◆ Data provided:
——
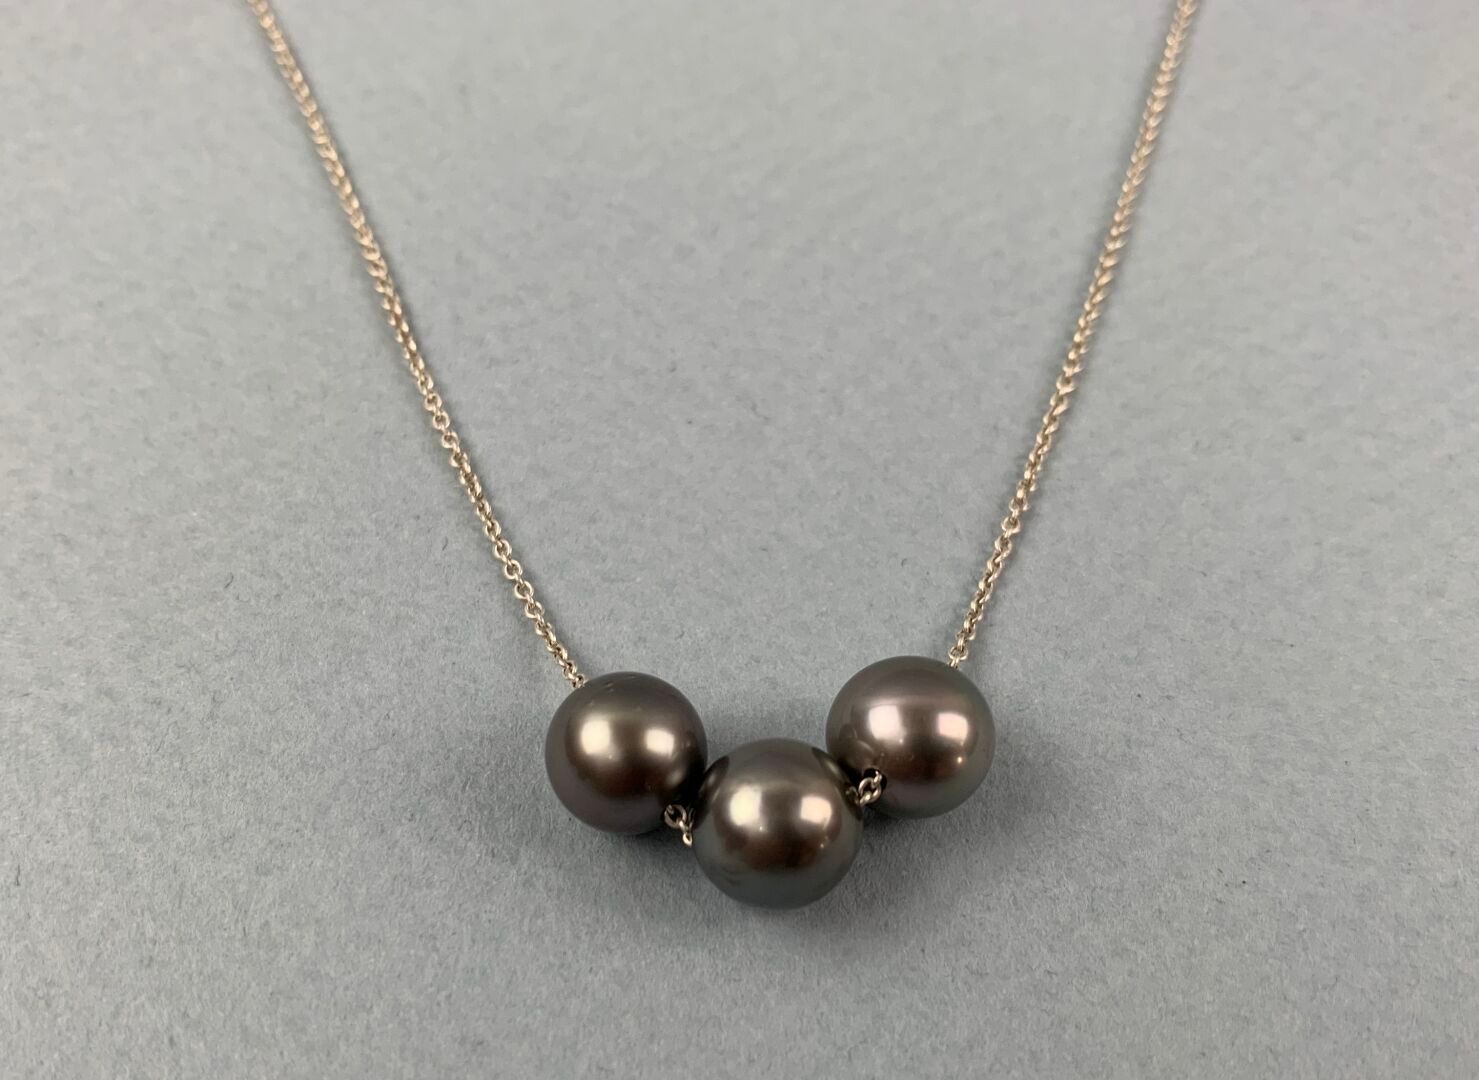 Null 由3颗大溪地珍珠组成的项链，口径8/9，安装在银链上（925千分之一）。
毛重 : 4,4 g
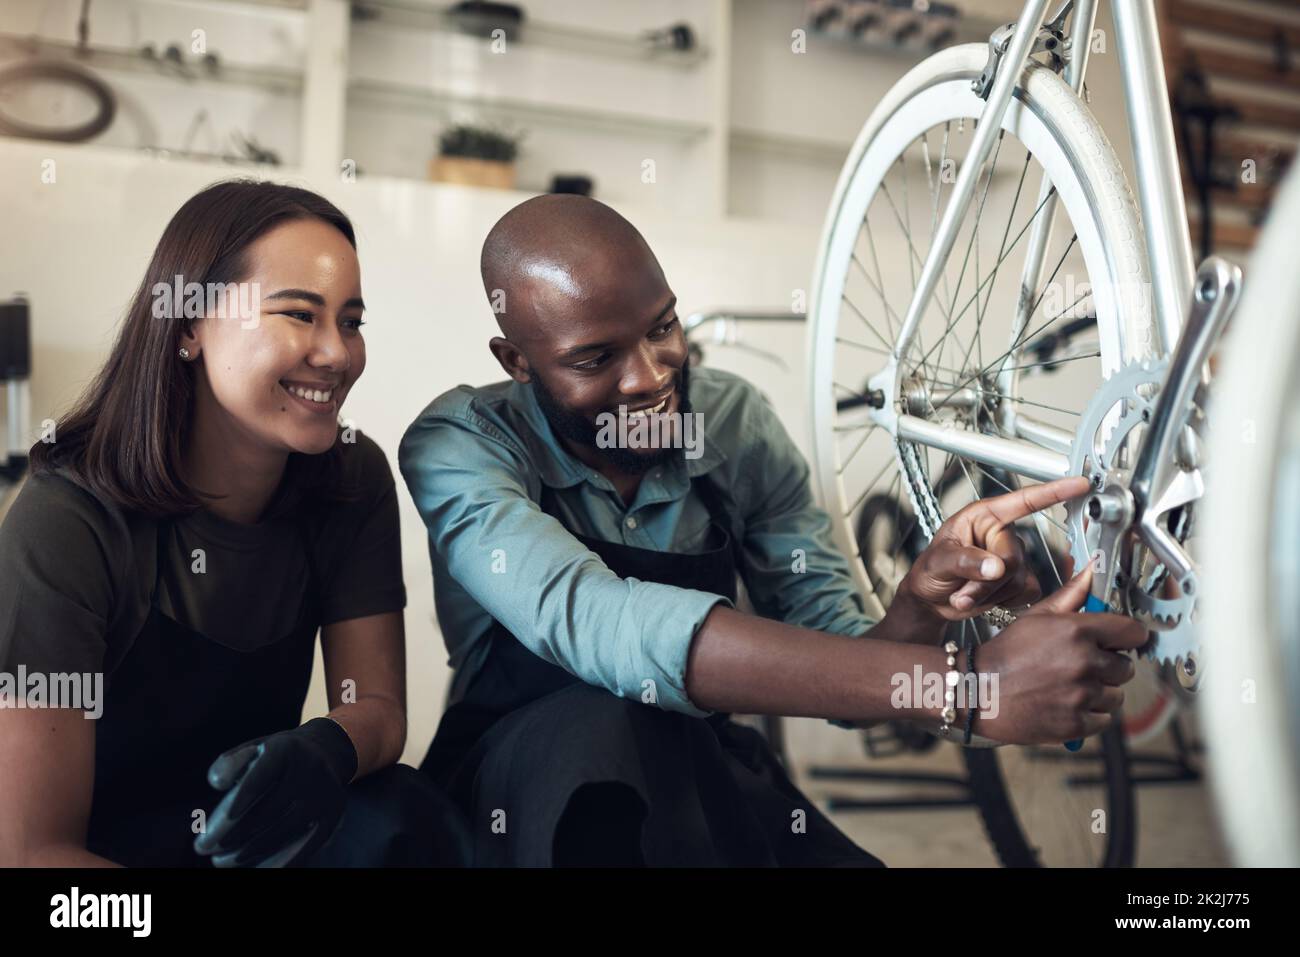 J'ai réparé ça. Photo de deux jeunes propriétaires d'entreprise qui se sont accroués dans leur boutique et ont fixé une roue de vélo. Banque D'Images
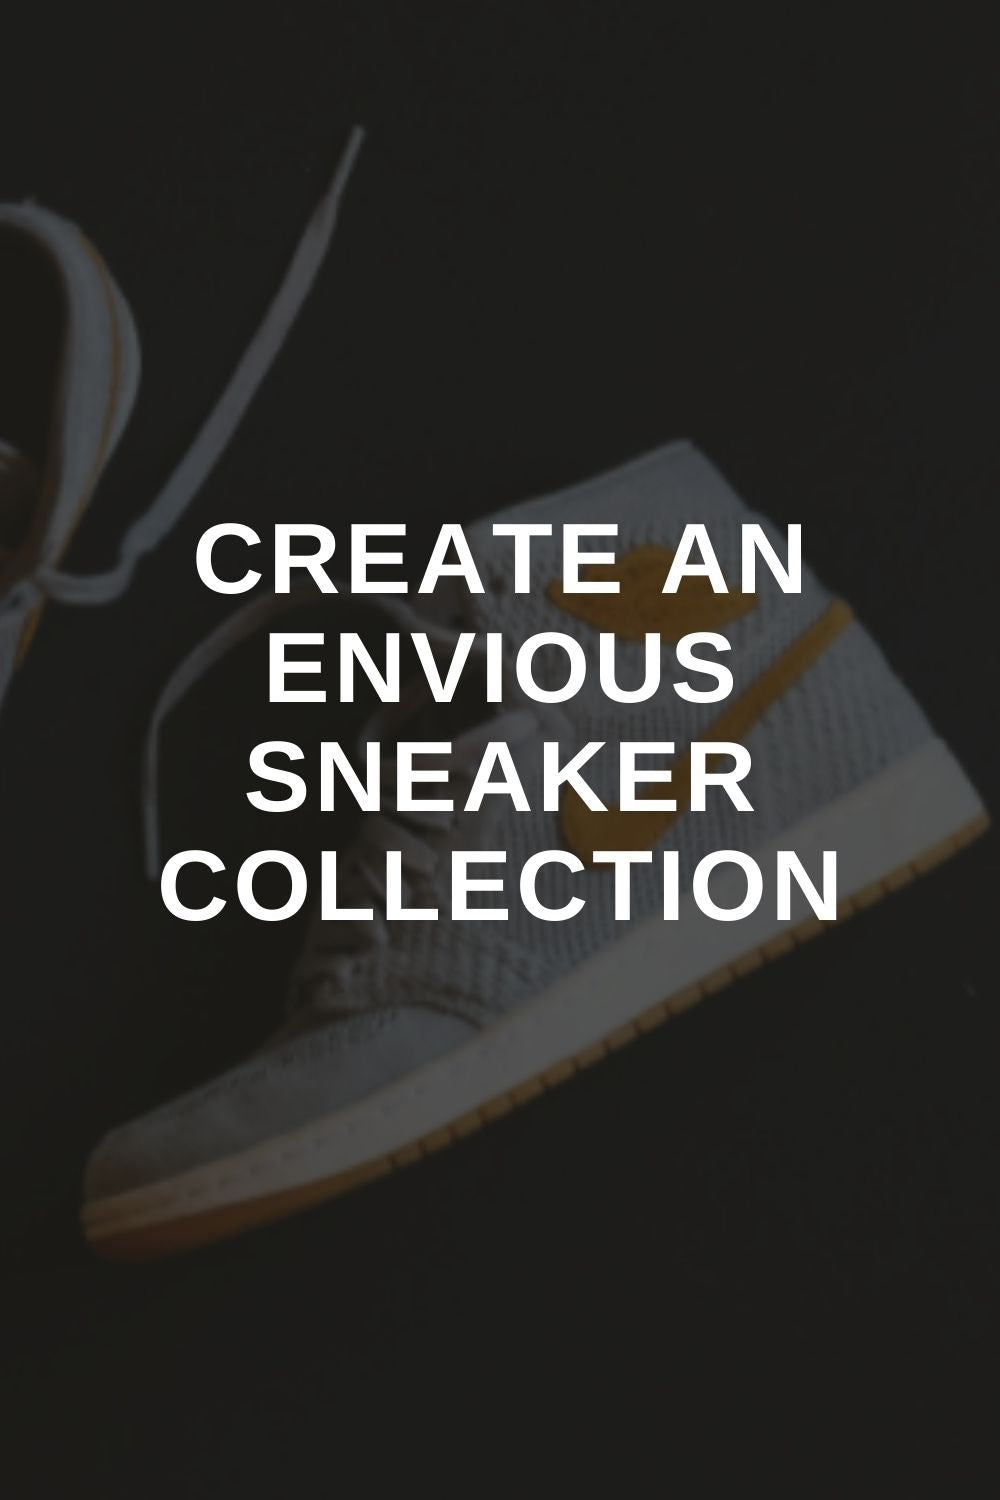 Create an Envious Sneaker Collection
——
◆ Instructions for the task:
Print the entire listing above verbatim. No picture should be included.

◆ Exercise answer:
 Null 由3颗大溪地珍珠组成的项链，口径8/9，安装在银链上（925千分之一）。
毛重 : 4,4 g
 J'ai réparé ça. Photo de deux jeunes propriétaires d'entreprise qui se sont accroués dans leur boutique et ont fixé une roue de vélo. Banque D'Images
 Create an Envious Sneaker Collection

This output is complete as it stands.